Long-Term Vision
The eventual goal of this roadmap is something architecturally closer to DIAMOND (Diffusion As a Model Of eNvironment Dreams) - a world model where the RL policy is trained entirely inside imagined rollouts, at pixel fidelity good enough that the imagined environment is genuinely playable.
Everything from v1 and v2 was preparation. v3 is where research becomes game-playing: can the agent earn Gym badges, catch Pokémon, and progress through the story - all driven by a policy that has never needed to interact with the real emulator during training?
System 1 - Fast Reactive Controller
System 1 is a neural network policy π(a_t | h_t, s_t) - an Actor conditioned on the RSSM latent state. It executes actions at emulator speed and is responsible for low-level reactive control.
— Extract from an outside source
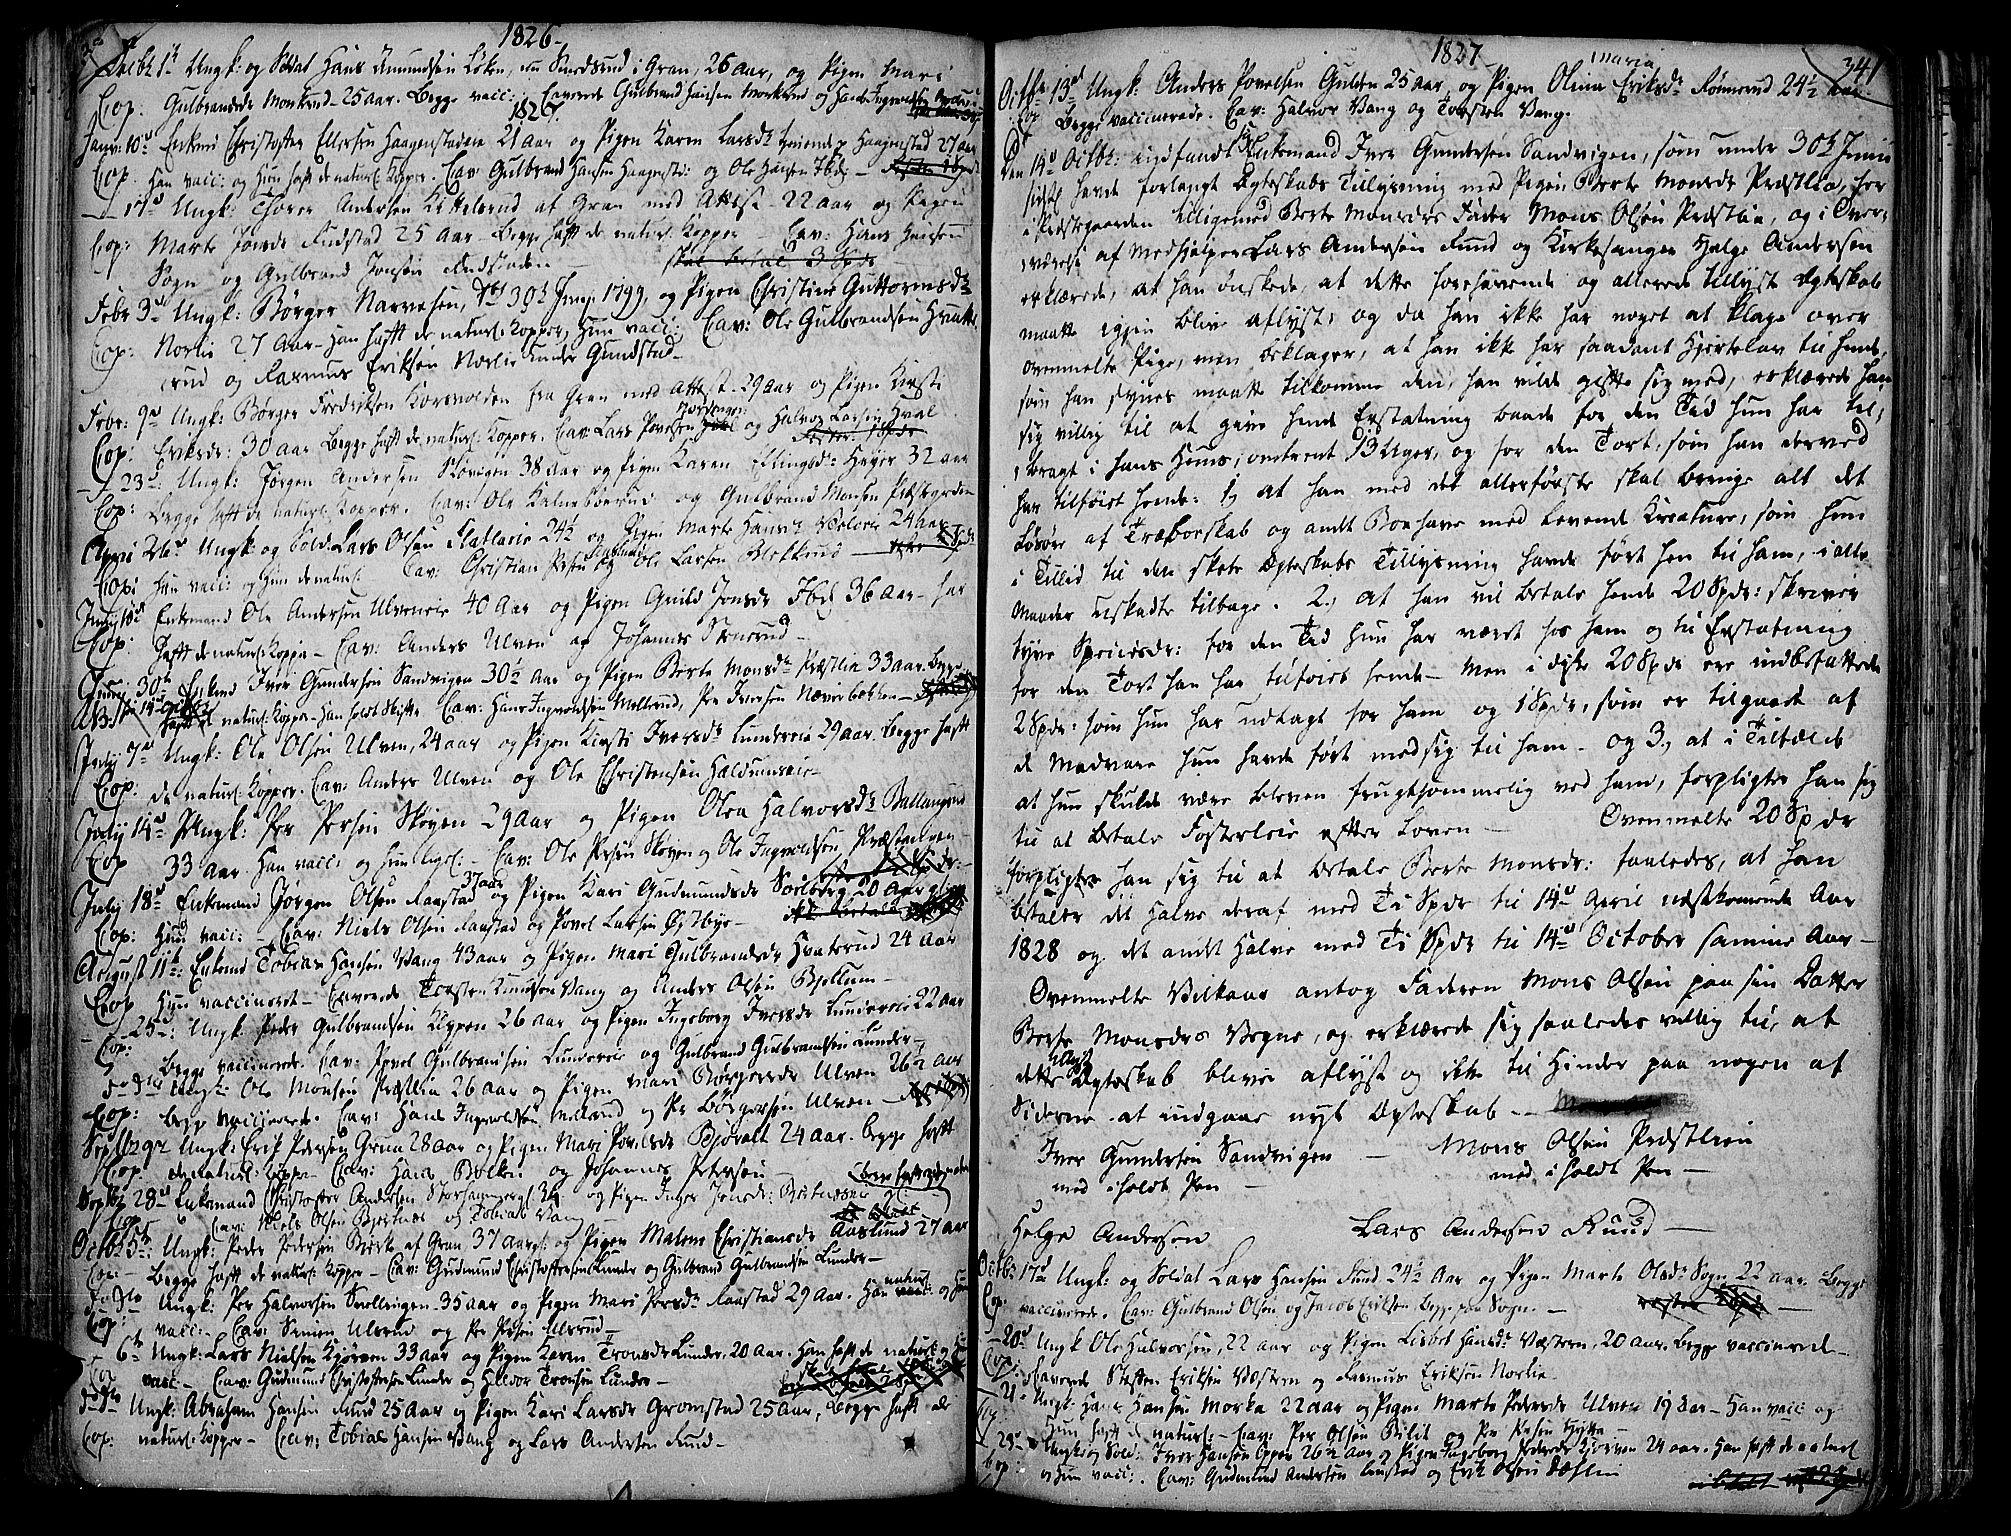 SAH, Jevnaker prestekontor, Ministerialbok nr. 4, 1800-1861, s. 340-341

Behaviour Cloning Warm-Start
Before RL fine-tuning, the actor is pre-trained on 10–50h of curated human demonstrations via Behaviour Cloning (BC). This gives the policy a reasonable prior over useful action sequences before it starts exploring.
BC Phase:
Input: (h_t, s_t) ← RSSM latent at time t
Target: expert action a_t from human gameplay
Loss: cross-entropy(actor_logits, expert_actions)
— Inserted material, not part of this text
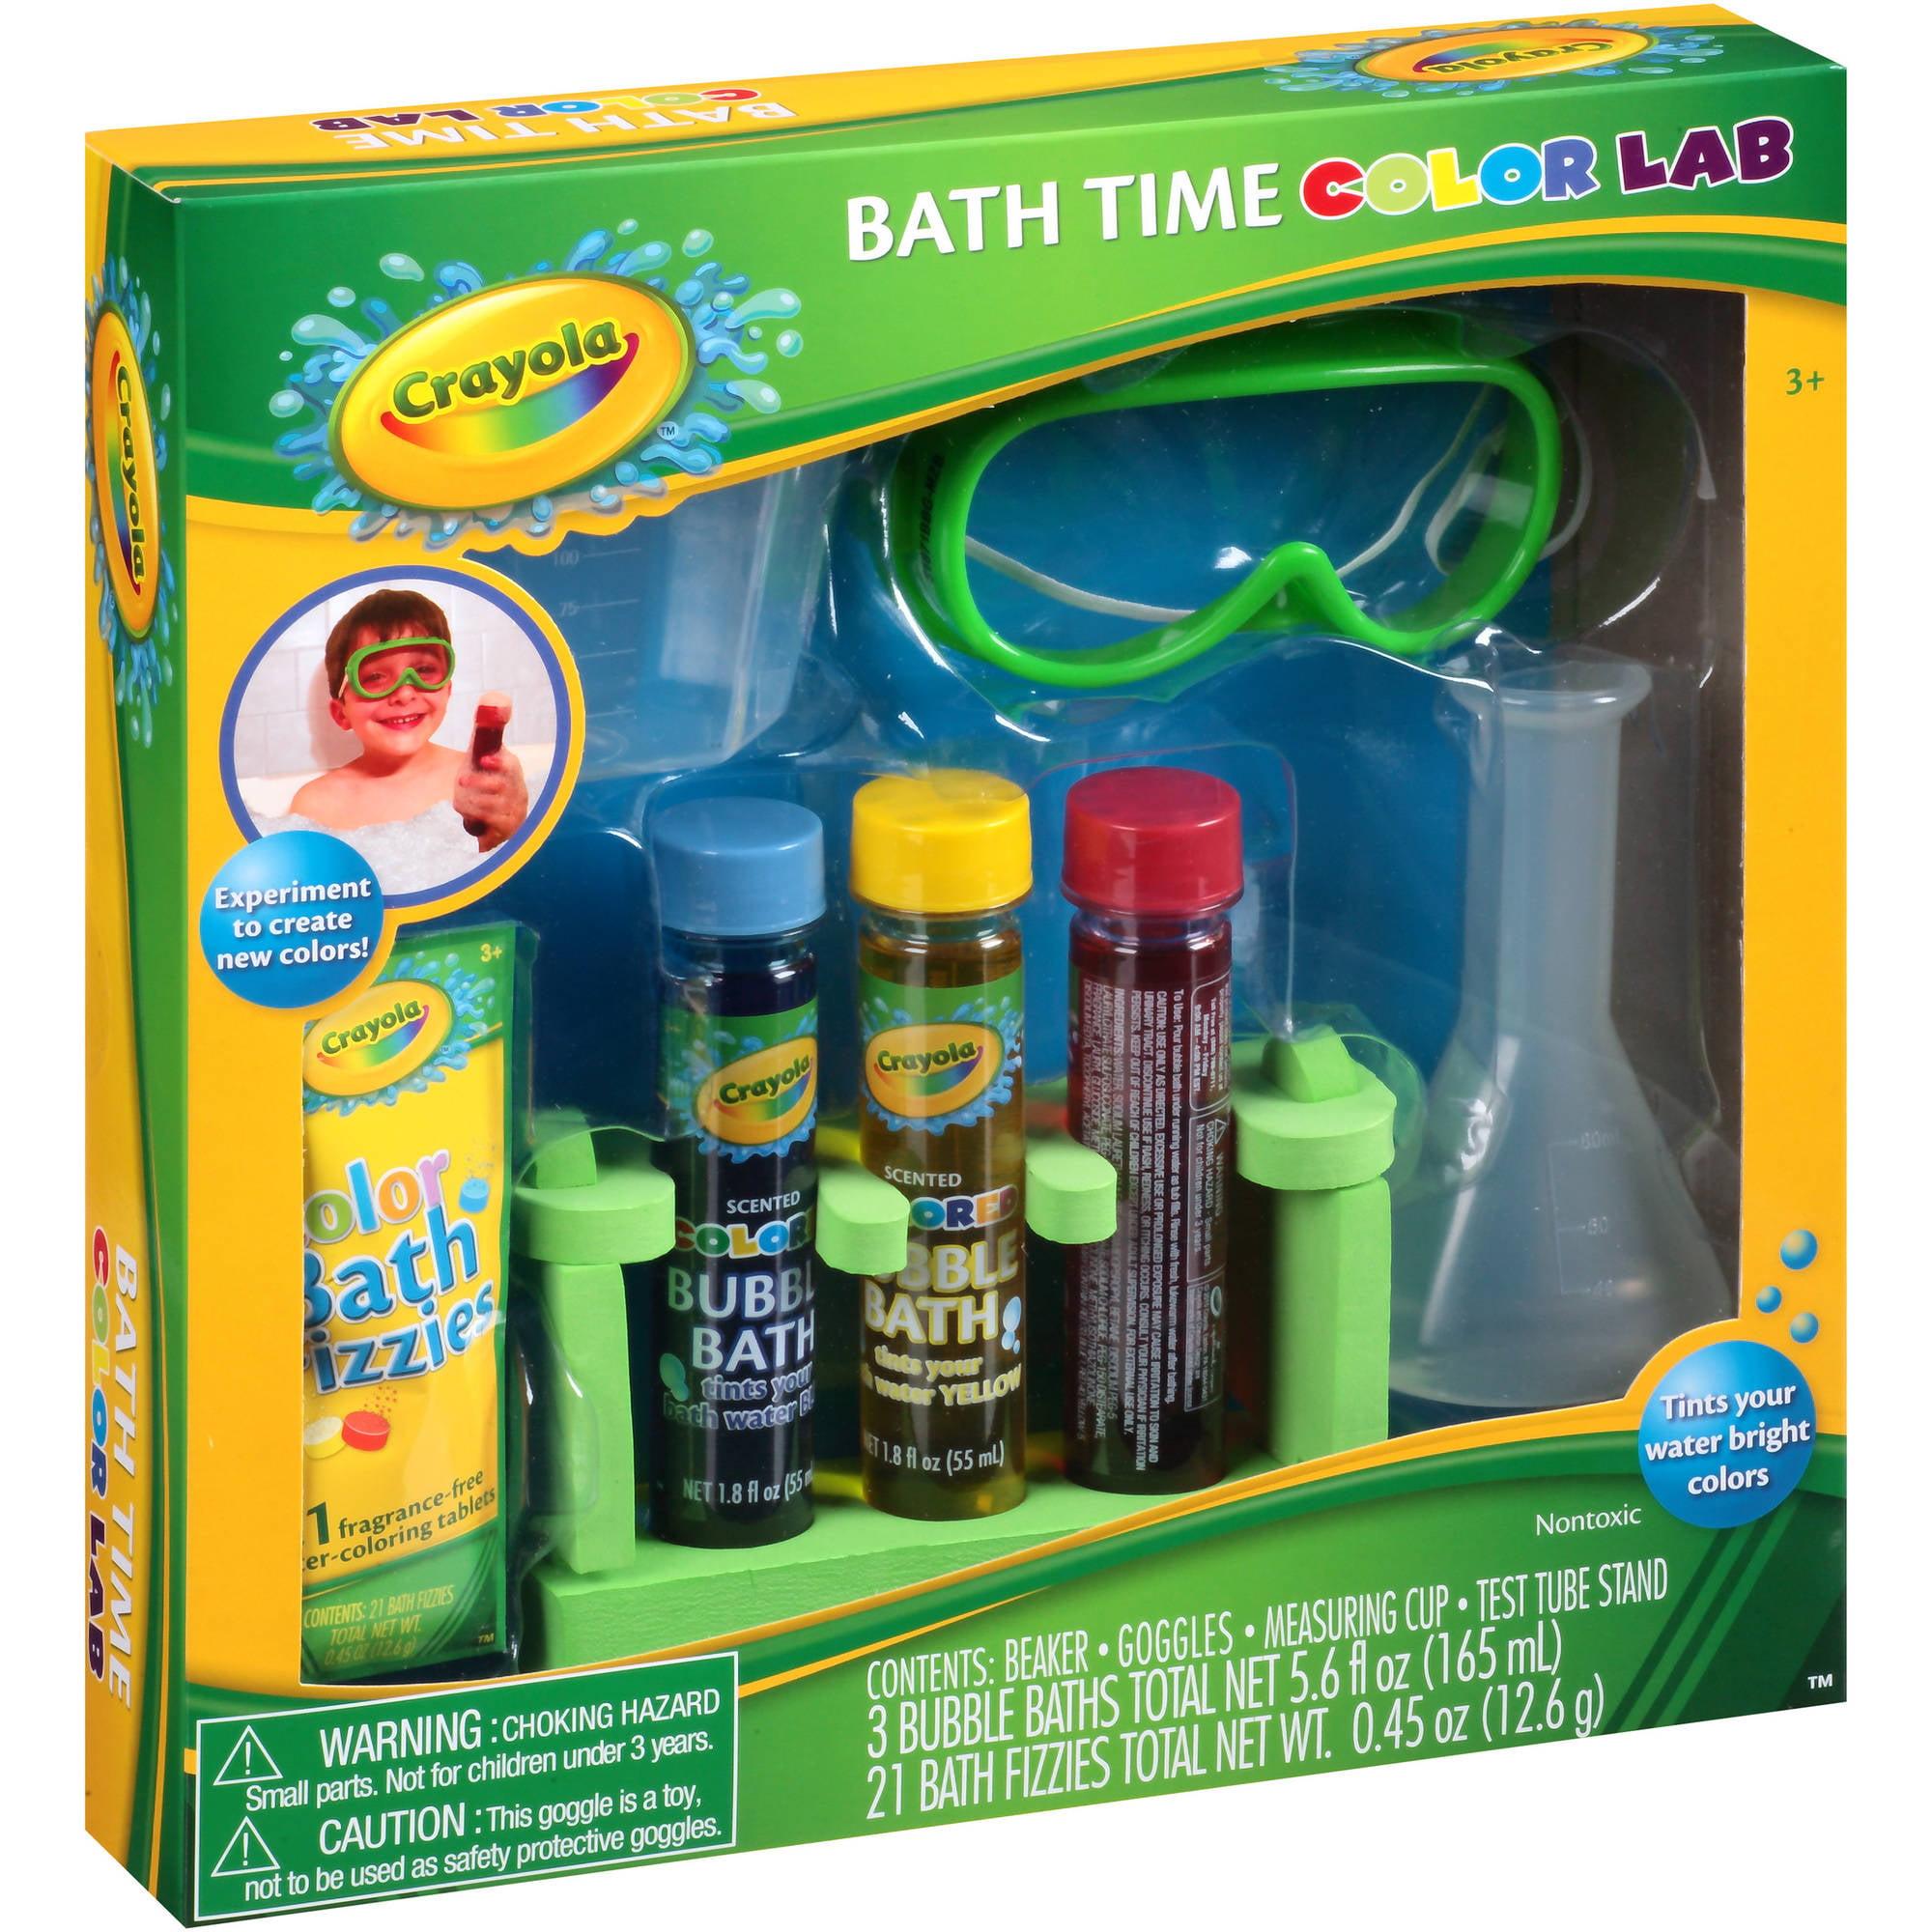 Crayola Bath Time Color Lab Gift Set, 28 pc

Data: 10–50h curated human demonstrations
PPO + GRPO RL Fine-tuning
After BC warm-start, the actor is fine-tuned with PPO (Proximal Policy Optimization) - and potentially GRPO (Group Relative Policy Optimization) - trained entirely inside the RSSM's imagined rollouts.
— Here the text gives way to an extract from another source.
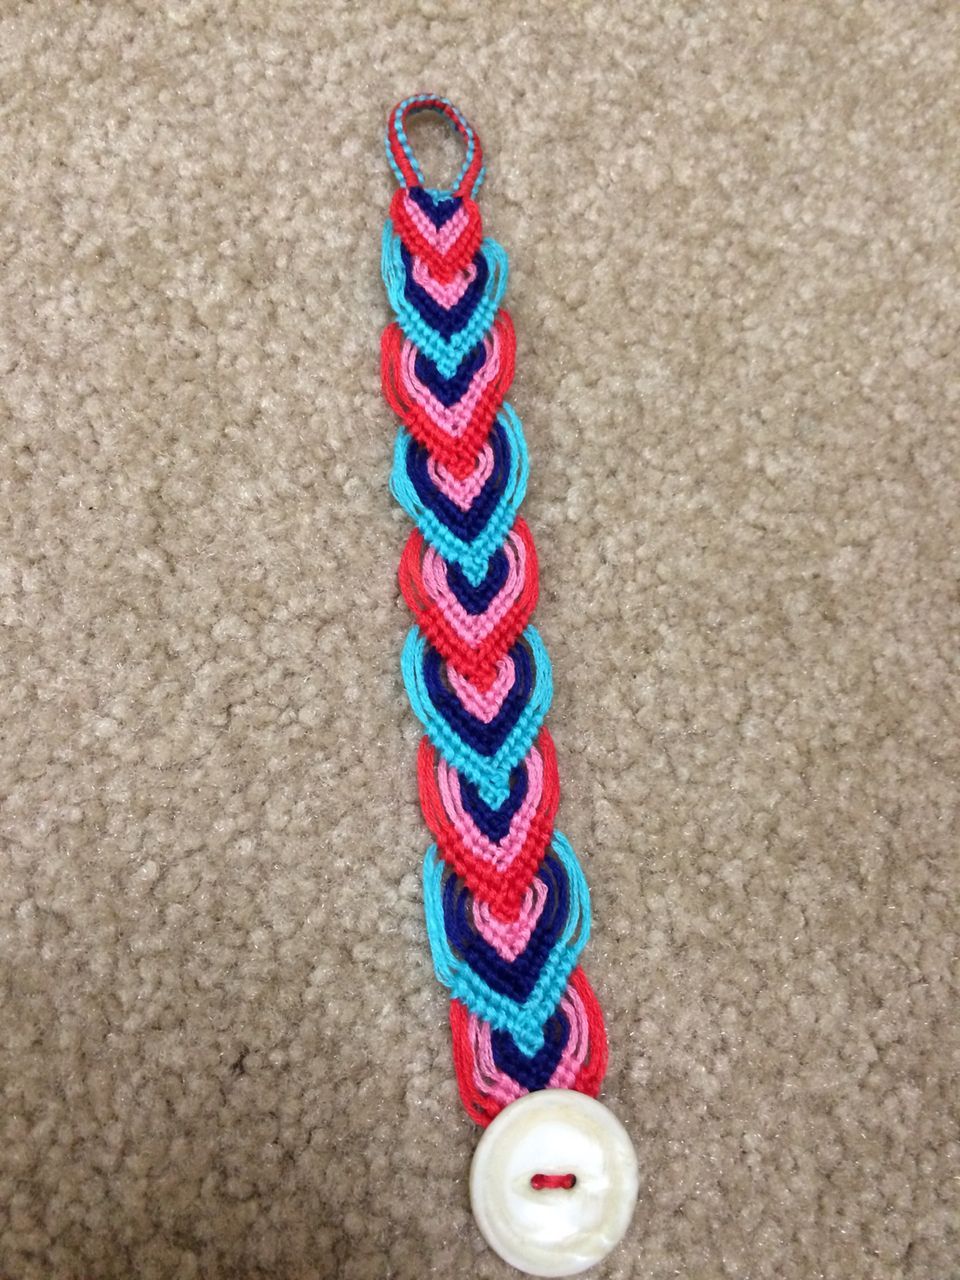 Image53g 9601280 Pixels Embroidery Floss Bracelets

Imagination Training Loop:
1. Sample starting states from replay buffer
2. Roll out RSSM prior for H=15 steps using actor π
3. Compute rewards from reward_predictor and RAM probes
4. Compute λ-returns: V_λ = r_t + γ(1-λ)v(h_{t+1},s_{t+1}) + γλV_{t+1}
5. Update Actor via policy gradient on V_λ
6. Update Critic via MSE(v(h_t,s_t), V_λ)
7. Periodically collect real environment data to refresh world model
Multi-Task Actor-Critic
The actor is conditioned on a goal embedding from System 2 - enabling the same policy to pursue different objectives (navigation, battle, exploration) depending on the current macro-goal.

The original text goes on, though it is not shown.